EPM: Enormous Environmental, Fiscal Benefits Nationally & Locally as Hidroituango Recovery Begins
Medellin-based power giant EPM on September 27 gave journalists a first public tour of the start of recovery work in the damaged machine room of the US$5 billion, 2.4-gigawatt “Hidroituango” hydroelectric project in Antioquia.
Having already reached crucial milestones including completion of the engineered spillway, raising the dam to its final height and draining water from the damaged machine room, EPM will by end-October 2019 open a new highway at the top of the dam — bringing convenient mobility to residents in towns near the dam including the municipality of Ituango, according to the company.
At the same time, the company continues to make progress toward final installation of a second, crucial water-closure gate for the auxiliary diversion tunnel (GAD in Spanish initials), whose collapse last year forced temporary diversion of Cauca River water through the machine room, causing hundreds of millions of dollars of losses due to lost power revenues and infrastructure damages.
Meanwhile, opening of the main access tunnel to the machine room has now been completed, enabling heavy machinery to enter for repair work, according to EPM.
“To date, 80% of the caverns around the machinery, transformers, beacons and adjacent tunnels have been cleared,” according to EPM.
“Civil-works damage to infrastructure has been found in 20% of these inspected areas. As of December 31 of this year, we expect to have 100% of the complex of caves inspected and damages calculated, in order to continue with repairs.”
A nearby technical monitoring center meanwhile enables real-time evaluation of the behavior of the dam and the other works of the project.
“Currently the indicators show that the works and the rock massif [adjacent to the dam] are stable,” according to EPM. “All the typical leaks found in such projects are evaluated permanently and to date all remain within the ranges contemplated in the project design.”
The company continues to expect that initial power production from Hidroituango will start by end-2021, then gradually expand until reaching its full 2.4-gigawatts output capacity by 2024.
According to EPM, among the project’s enormous fiscal and environment benefits include:
Emissions reductions of the order of 4.4 million tons of carbon dioxide (CO2) per year — 94% of the goal of Colombia’s entire electricity sector by 2030. “This represents a significant contribution to meeting the goals of Colombia in the commitments of COP21 [Conference of the Parties to the United Nations Framework Convention on Climate Change],” according to EPM.
“It will deliver about COP$85 billion (US$24.6 million) each year for transfers to Colombia’s regional environmental agencies [such as Corantioquia and Cornare in Antioquia] and 153 municipalities, including those in the area of the dam’s influence, which includes the Cauca River basin.
“Additionally, via regional taxes and other contributions to other entities, the project will generate approximately COP$10 billion (US$2.9 million) per year. During the operational life of the project, resources will be generated of the order of COP$8 trillion (US$2.3 billion).

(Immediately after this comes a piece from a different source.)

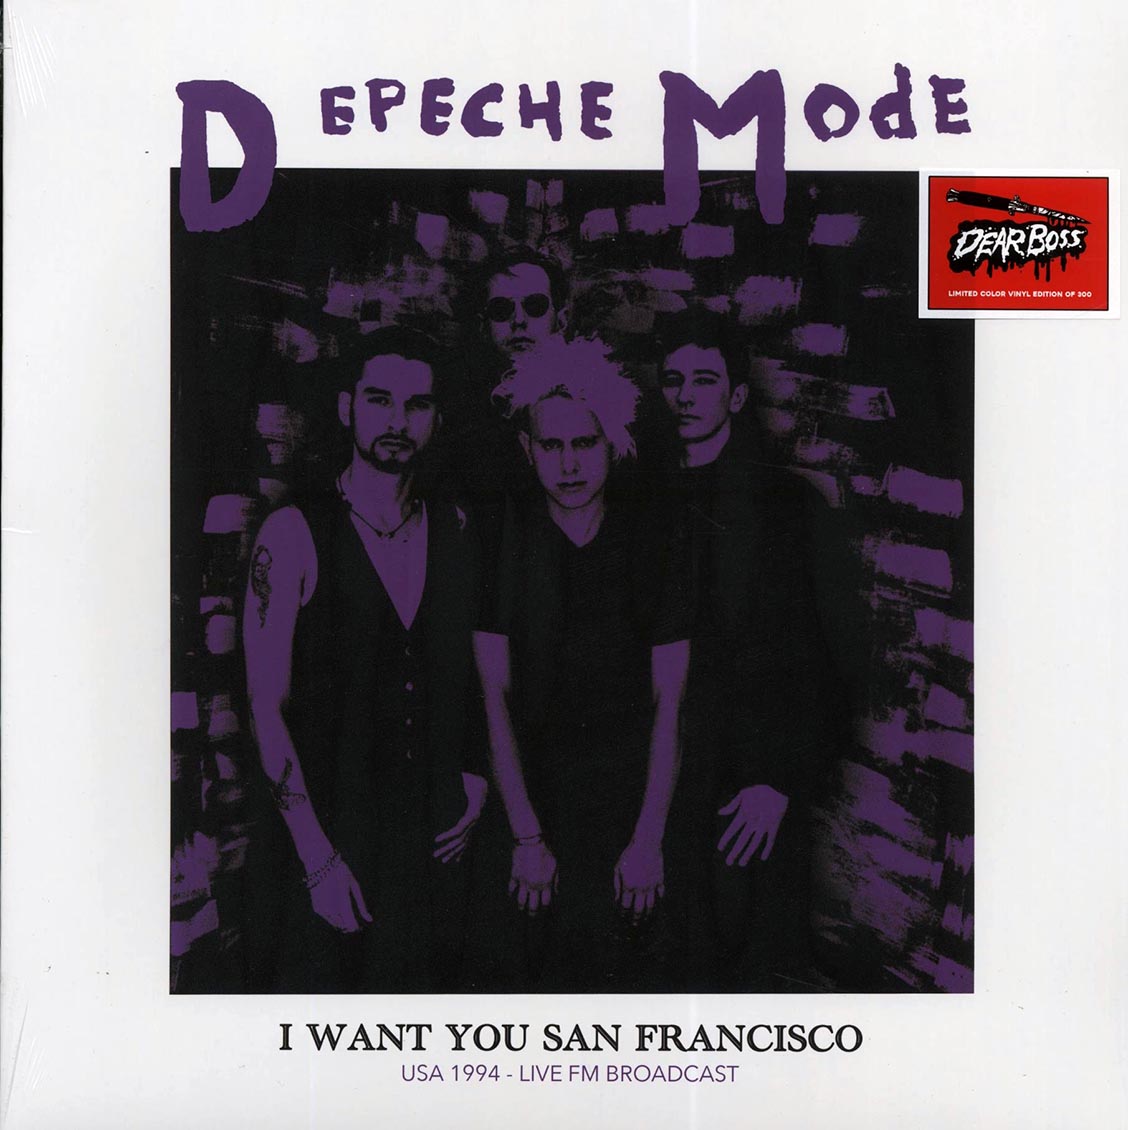 Depeche Mode - I Want You San Francisco: USA 1994 Live FM Broadcast (ltd. 300 copies made) (colored vinyl) - Vinyl LP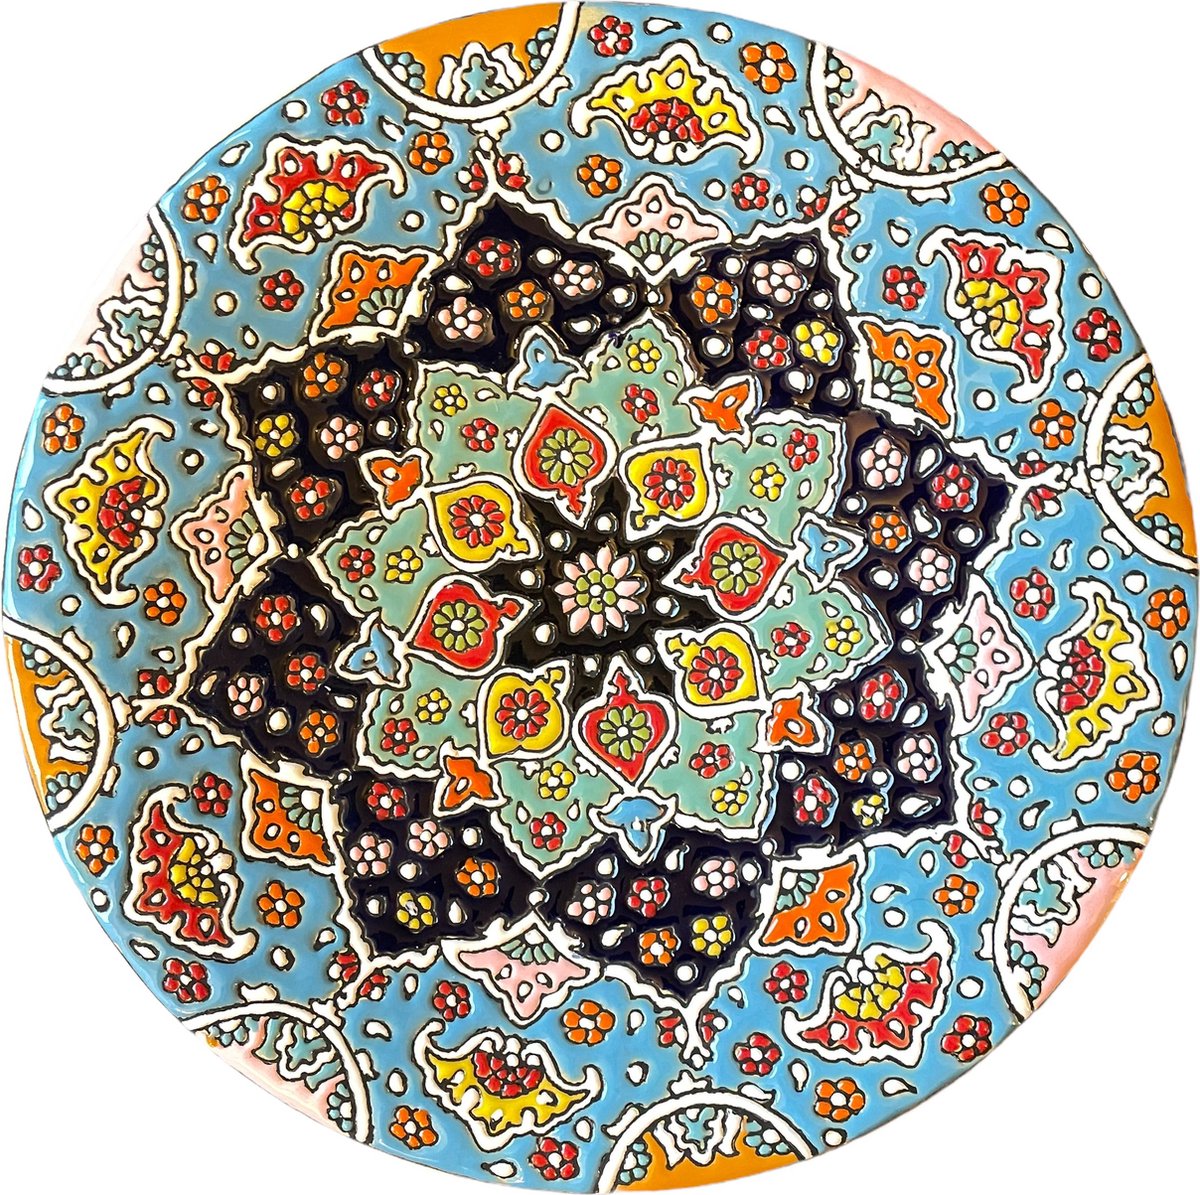 Perzisch keramisch bord - Persis Treasures -30cm - Uniek bloemig Perzisch patroon

“Colombia will receive national income taxes of approximately COP$240 billion (US$69 million) annually, which will correspond during the operation of the project in resources for the nation totalling about COP$18 trillion (US$5.2 billion).
“The project includes compensation and recovery of about 19,000 hectares of tropical dry forest and tropical rainforest in the 12 municipalities of the area of influence, which becomes an opportunity for [protection of] biodiversity of the territory.
“Within the framework of the environmental and social management plan and regarding connectivity, about COP$1.9 trillion (US$550 million) have been invested in the 12 municipalities in the area of influence, which has resulted in a valuable contribution to the progress of its inhabitants and to the transformation of a territory that has historically suffered from national government abandonment and violence by of illegal armed groups.”
Once in operation, “the energy supply from the project will allow a reduction close to 30% in the [national] cost of power during its first five years of operation,” according to the company.
In addition, “power generation from Hidroituango — interconnected to the Caribbean coast — will enable a more-than-20% reduction in power costs paid by users of the current thermoelectric power in that region.”
National power reliability also will improve — without causing an increase of global-warming emissions that result from “firm” power plants running on coal, oil or natural gas, the company noted.
Hidroituango has a firm energy output capacity of 5,708 gigawatt-hours per year – “energy that can be produced even in the worst drought in history,” according to EPM, and without any CO2 emissions.
If not for Hidroituango, Colombia otherwise would need to build another750-MW thermal power plant to ensure reliable, 24 hours/day power– with a consequent carbon footprint that would violate Colombia’s commitment to meeting CO2-reduction goals under the COP21 agreement, the company added.
What’s more, because “green” solar or wind power are only intermittent – they don’t work when the sun isn’t shining and when the wind isn’t blowing — Hidroituango’s constant 2.4-gigawatts power capacity is equivalent to installing about 5 gigawatts wind power or 3.8 gigawatts of solar energy, EPM added.